En esta afección las imágenes se enfocan en la retina de forma distorsionada, tanto de cerca como de lejos. Esta condición puede estar asociada a la miopía o la hipermetropía. Se produce cuando existe una córnea elíptica o poco esférica, es decir, que está más curvada en un eje que en el otro, lo que provoca una visión borrosa a cualquier distancia. Además, los niños pueden referir visión borrosa a cualquier distancia. Estos son otros síntomas de estos defectos:

  • Mayor grado de torpeza esperada, como chocarse con objetos o tumbar cosas de manera constante.
  • Repetidamente, cerrar los ojos, frotárselos o taparse uno de ellos.

4. Estrabismo

El estrabismo es una condición ocular caracterizada por una desviación anormal de uno o ambos ojos. Lo normal es que cuando el niño ve los objetos del espacio con los dos ojos, fusiona ambas imágenes a nivel cerebral. A esto se le denomina visión binocular. En cambio, en el estrabismo, los ojos son incapaces de fijar la mirada de manera simultánea. Esta desviación puede ser horizontal (hacia dentro o hacia fuera) o vertical (hacia arriba o hacia abajo). Este defecto se puede manifestar de la siguiente manera:

  • Evidente mala alineación de los ojos.
  • Los ojos no se mueven en la misma dirección.
  • El niño inclina o tuerce la cabeza para mirar puntos concretos, por lo que puede desarrollar tortícolis.
  • Cierra o se tapa un ojo para ver.
  • Tiene poca percepción de la profundidad de los objetos.

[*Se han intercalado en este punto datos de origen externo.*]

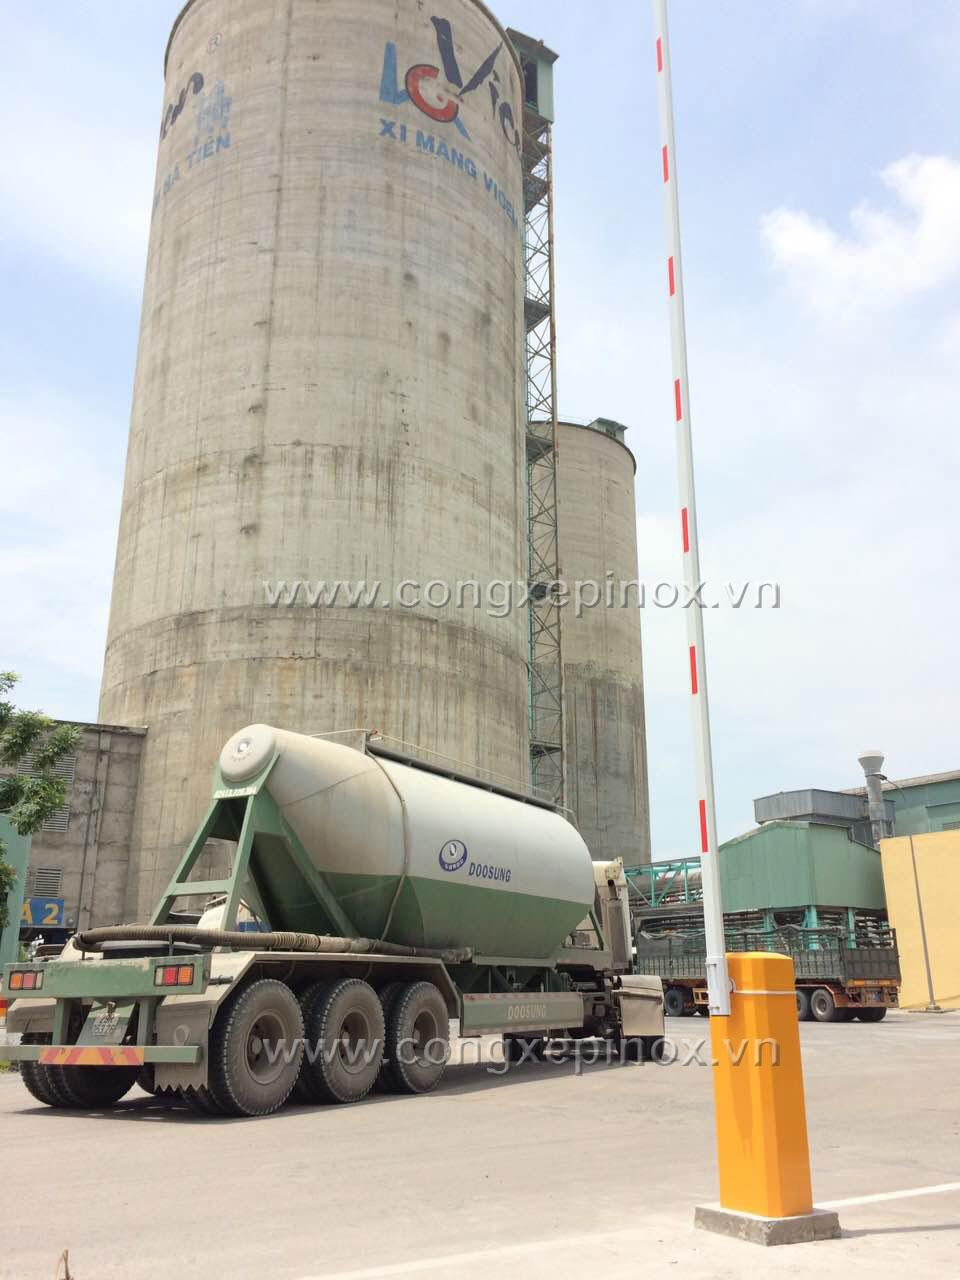 Công trình rào chắn tự động ở trạm nghiền xi măng Hà Tiên

Estrabismo infantil y adquirido

El estrabismo puede ser infantil (antes de los 6 meses) o adquirido (después de los 6 meses de vida) y puede presentar ciertos factores de riesgo:

  • Antecedentes familiares.
  • Trastornos genéticos (síndrome de Down y síndrome de Crouzon).
  • Exposición prenatal a fármacos y alcohol.
  • Prematuridad.
  • Bajo peso al nacer.
  • Parálisis cerebral.

Por su parte, el caso particular del estrabismo adquirido puede deberse a defectos refractarios, tumores, traumatismo craneoencefálico, trastornos neurológicos (parálisis cerebral, espina bífida, parálisis del tercero, cuarto o sexto nervio craneal) e infecciones virales (encefalitis o meningitis).

Falso estrabismo

Es importante saber diferenciar cuando se trata de un pseudoestrabismo o falso estrabismo. En estos casos, no existe una afectación ocular, sino que la apariencia del niño pareciera indicarlo debido a que el puente de la nariz es muy ancho y los pliegues del párpado que se extienden hacia la nariz son prominentes. Esto hace parecer que los ojos están muy juntos o desviados hacia adentro.

5. Ambliopía (Ojo vago)

La ambliopía ocurre cuando la visión de un ojo se ve afectada por una falla en la comunicación nerviosa sensorial entre el ojo y el lóbulo occipital del cerebro. Esto se debe a que, cuando existe estrabismo, el cerebro no es capaz de procesar dos imágenes diferentes. Por este motivo, se produce un efecto compensatorio que consiste en suprimir la imagen menos clara, es decir, la del ojo estrábico, y se genera un ojo vago. Si no se corrige antes de los 9 años, la pérdida de visión en dicho ojo suele ser irreversible.